Gradient-Guided Adversarial Patch Attack for Deep Neural Networks
摘要
Deep neural networks (DNNs) have achieved remarkable success across vision tasks, yet they remain highly vulnerable to adversarial perturbations. While patch-based attacks have been explored as a localized and efficient adversarial attack strategy on DNNs, existing methods often require large perturbation areas or lack precise placement, making them either perceptually noticeable or less effective. To address these limitations, this paper proposes a gradient-guided adversarial patch attack that targets model-specific vulnerable regions. Using gradient-based sensitivity analysis, we are able to pinpoint the most important pixels in the input image that influence the decision of target DNNs. The backgrounds of these sensitive pixels are initially considered as patches. Subsequently, these patches are converted into imperceptible and highly lethal patches through an iterative alpha-controlled blending method.

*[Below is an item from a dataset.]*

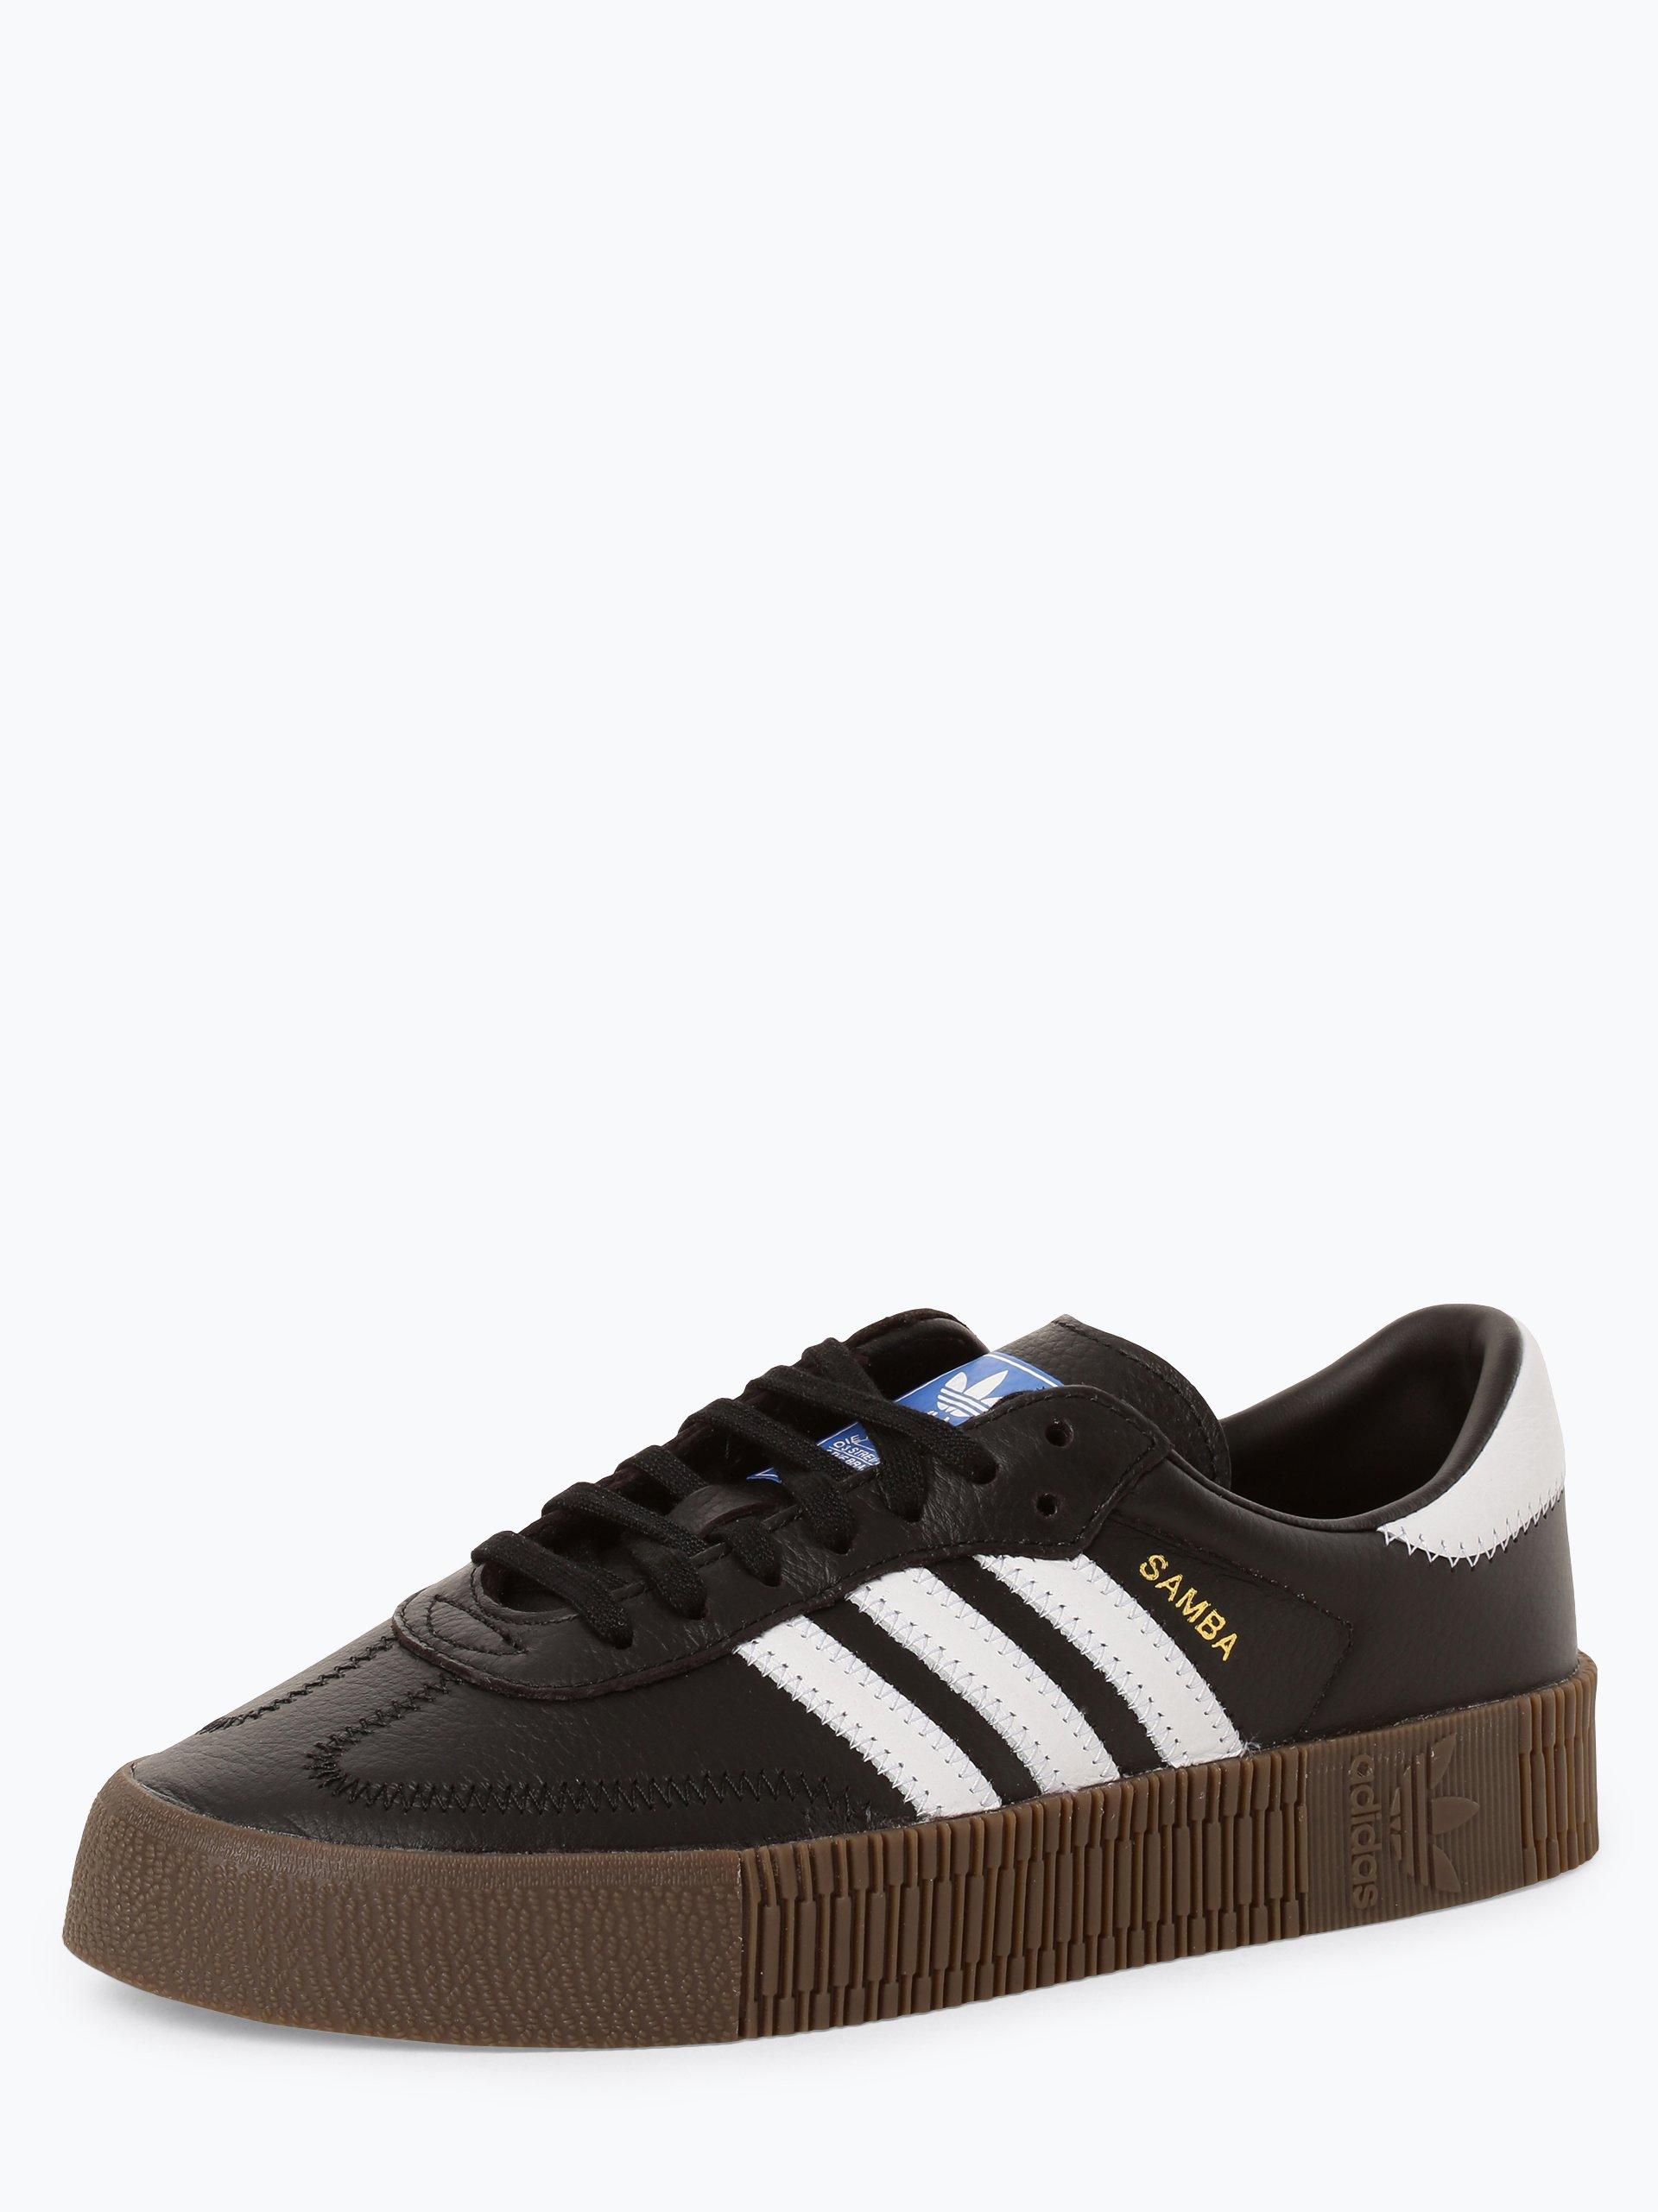 adidas Originals Damen Sneaker aus Leder - Sambarose

Extensive experiments on multiple benchmark datasets demonstrate that our patches achieve high attack success rates while covering only a small fraction of the original image. These findings underscore the vulnerability of DNNs to compact, well-placed adversarial patches and provide valuable insights for designing stronger defenses against such localized attacks. The source code of our work is available at the given link: https://github.com/RishavKumarIIT/Gradient-Guided-Adversarial-Patch-Attack .